── Records provided

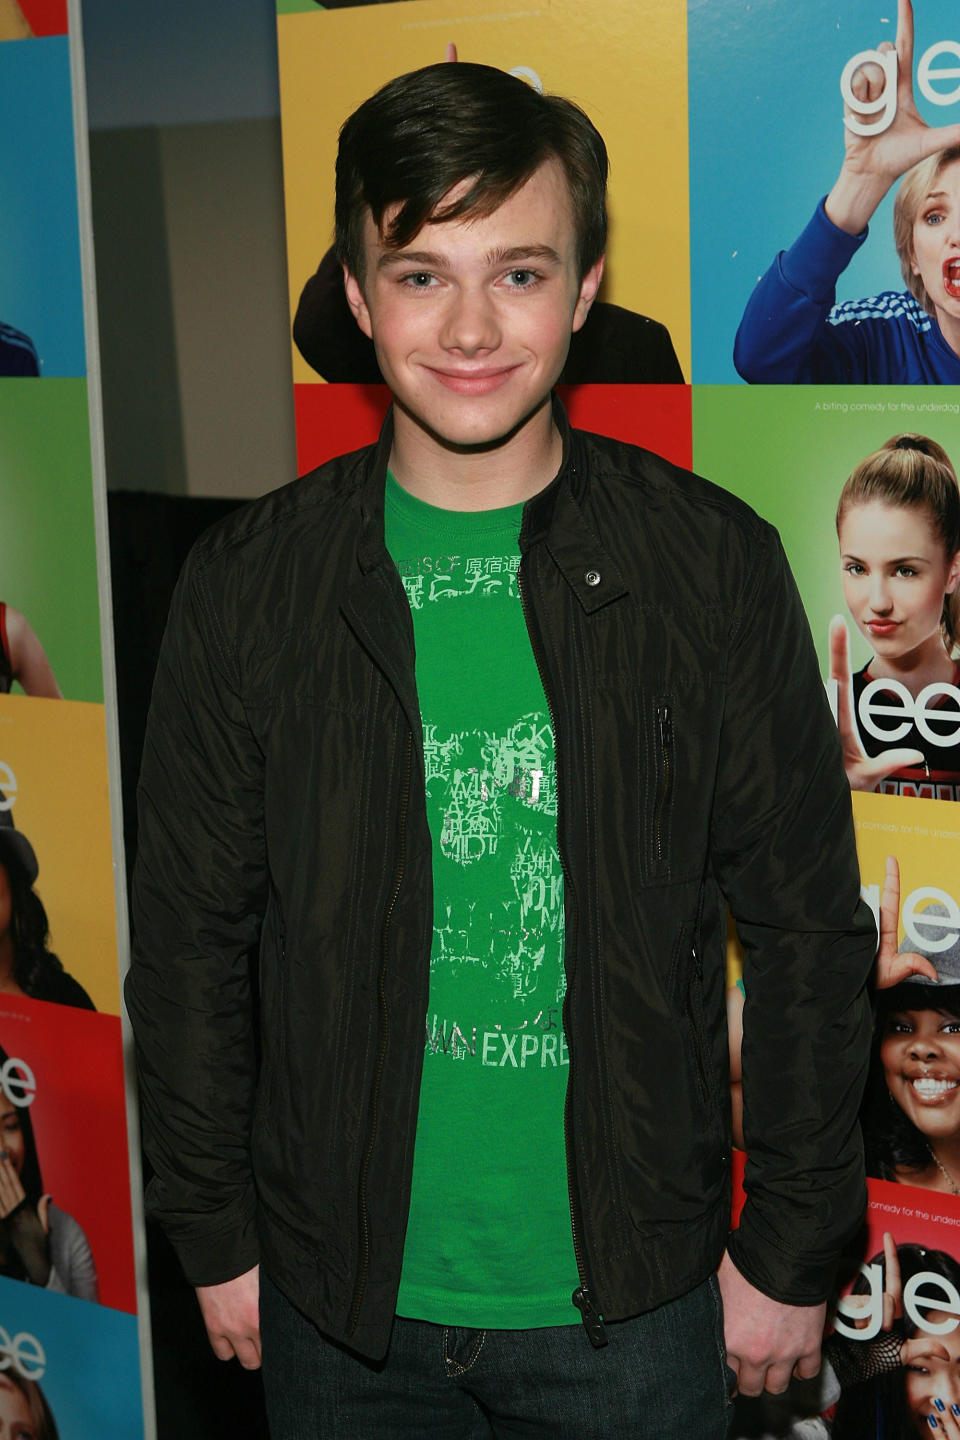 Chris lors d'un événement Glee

────
── Records provided

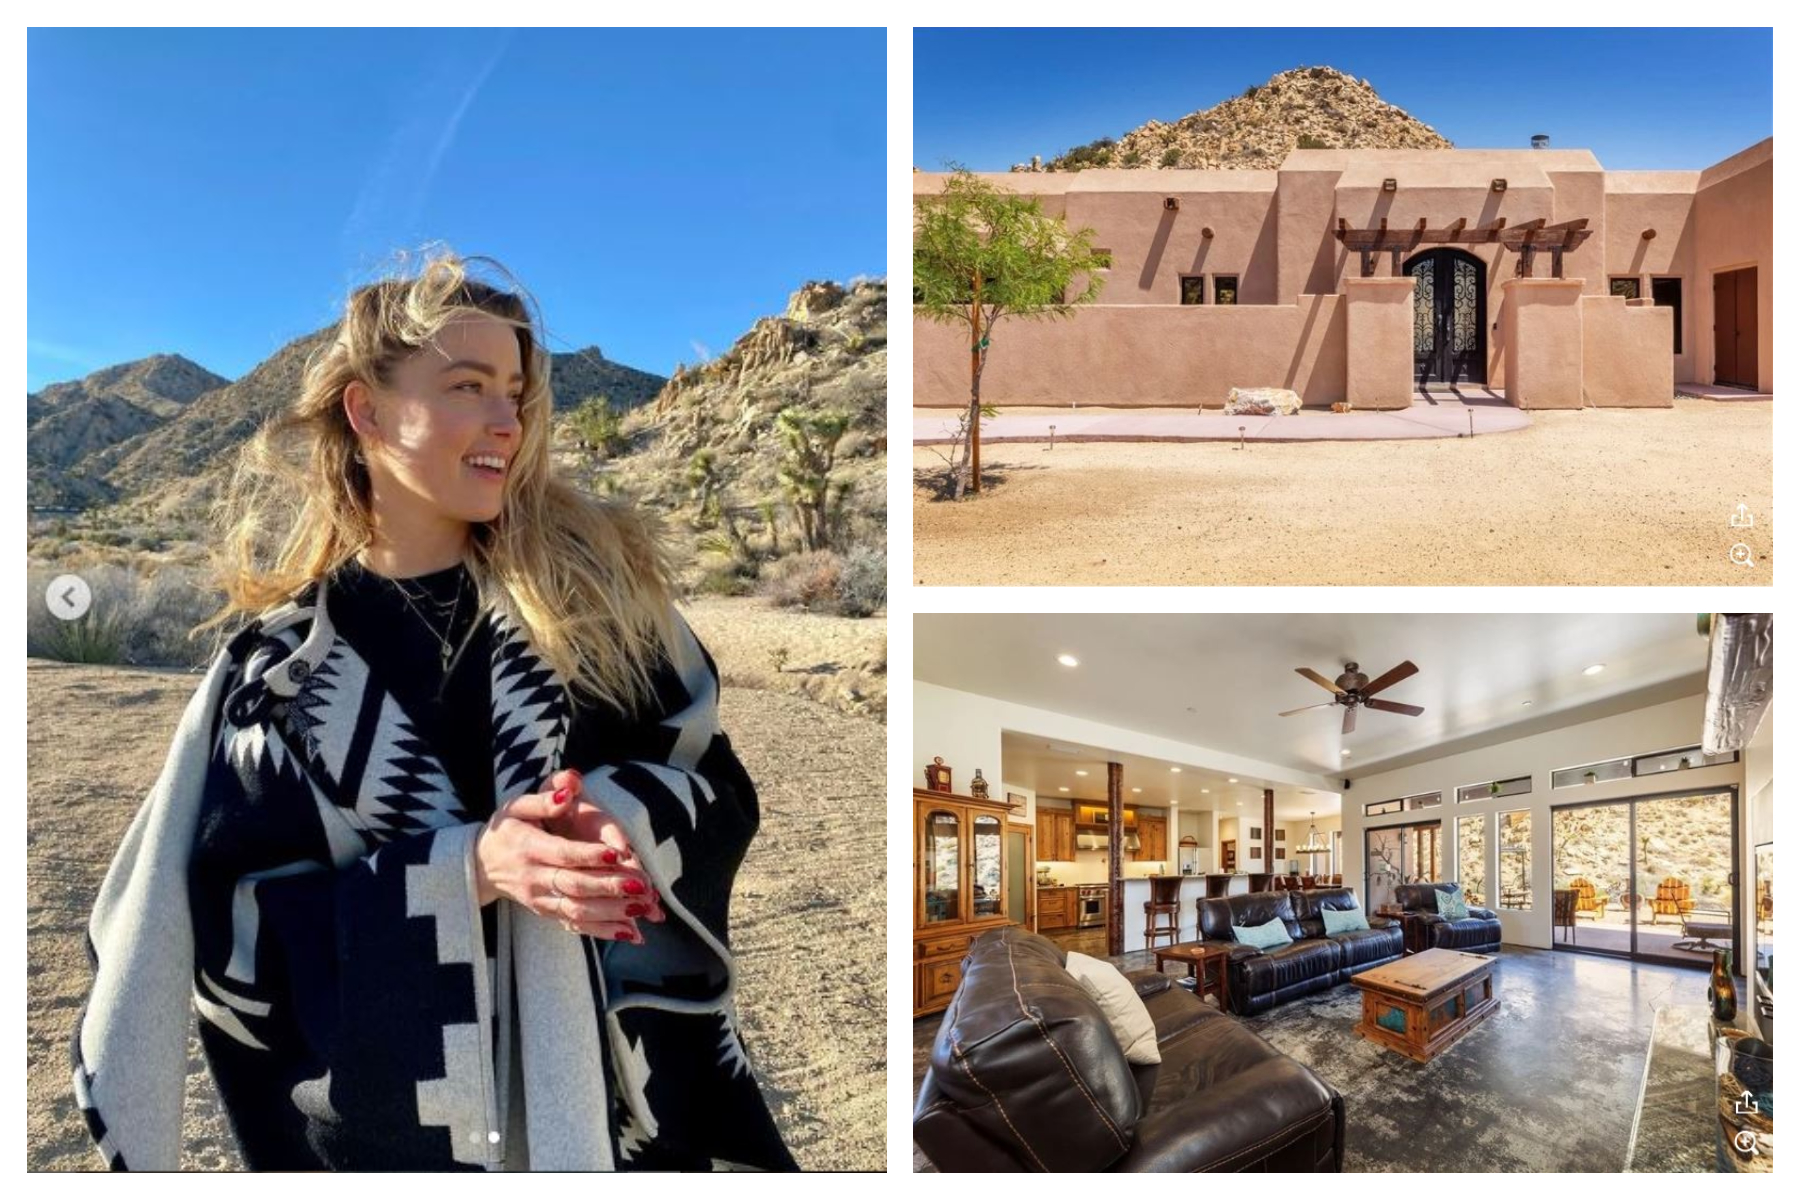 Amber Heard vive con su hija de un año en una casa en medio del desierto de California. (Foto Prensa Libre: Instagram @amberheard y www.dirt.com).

────
── Records provided

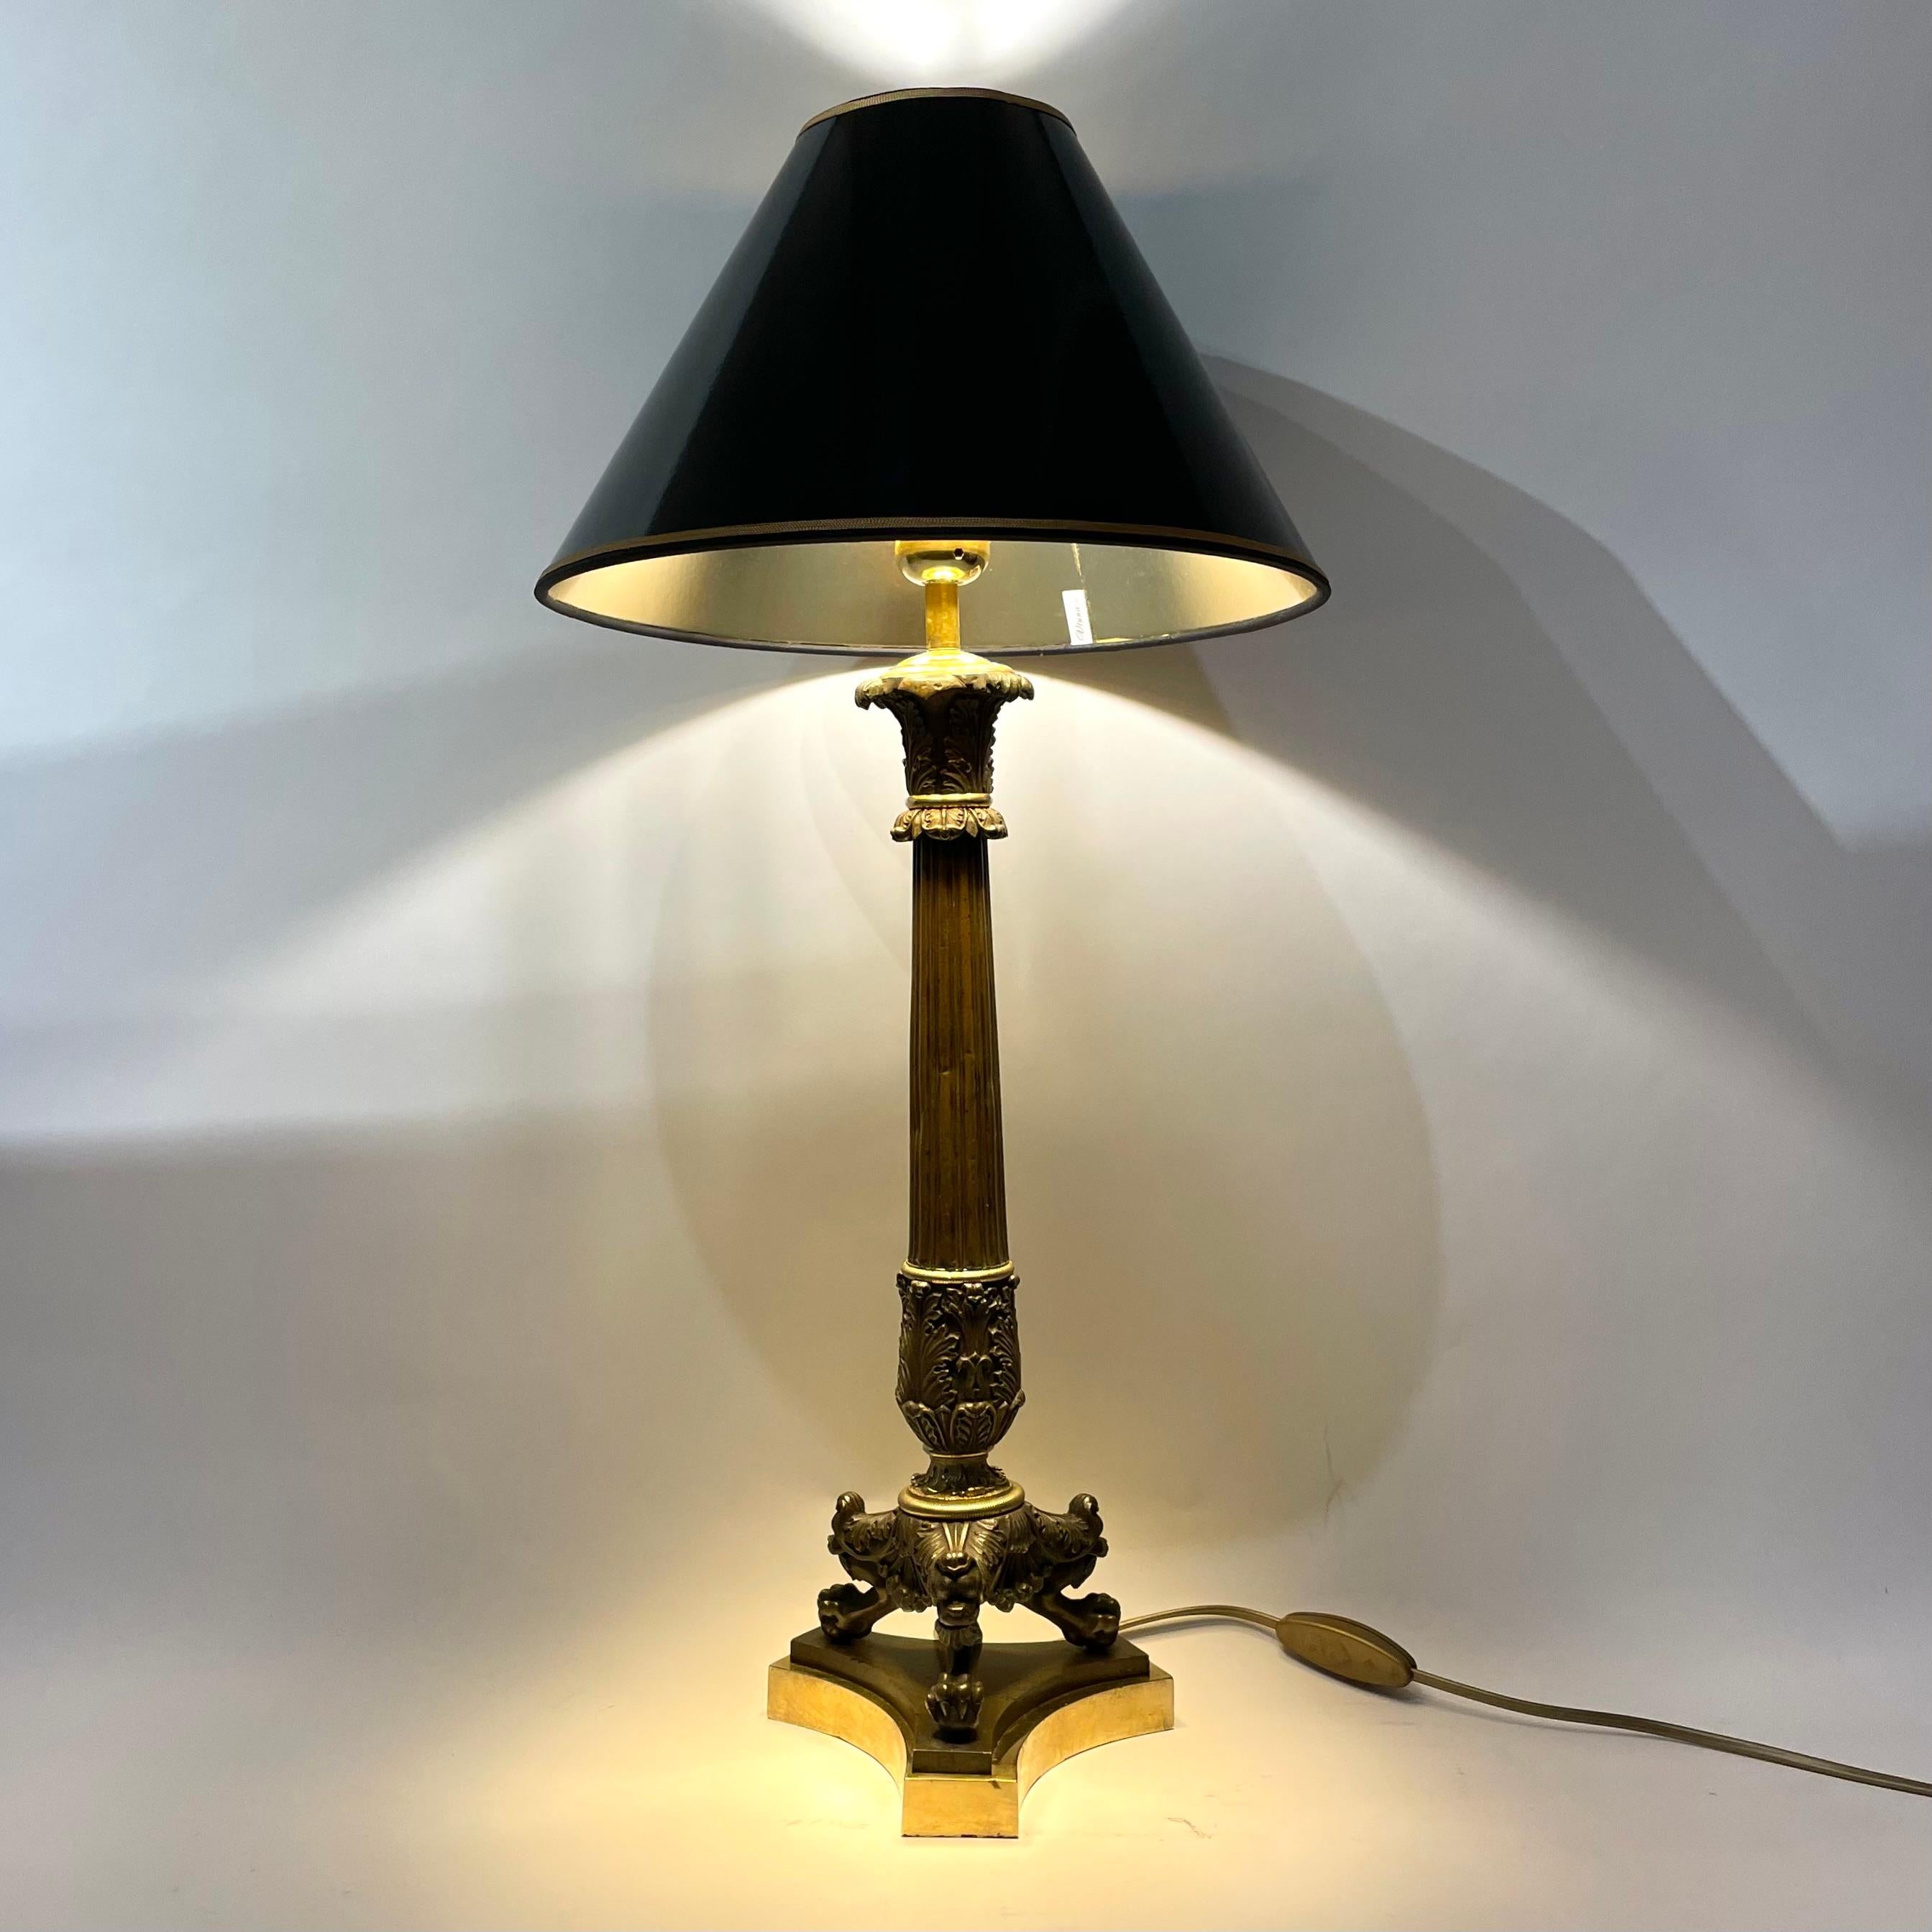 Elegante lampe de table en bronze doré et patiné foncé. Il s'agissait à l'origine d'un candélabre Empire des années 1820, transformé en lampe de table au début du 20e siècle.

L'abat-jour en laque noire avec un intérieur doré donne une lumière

────

Prompt:
Above are the records; return the lines in them from the one with "Elegante lampe de" to the one with "L'abat-jour en laque", inclusive, exactly and without images.

Solution to the problem:
 Elegante lampe de table en bronze doré et patiné foncé. Il s'agissait à l'origine d'un candélabre Empire des années 1820, transformé en lampe de table au début du 20e siècle.

L'abat-jour en laque noire avec un intérieur doré donne une lumière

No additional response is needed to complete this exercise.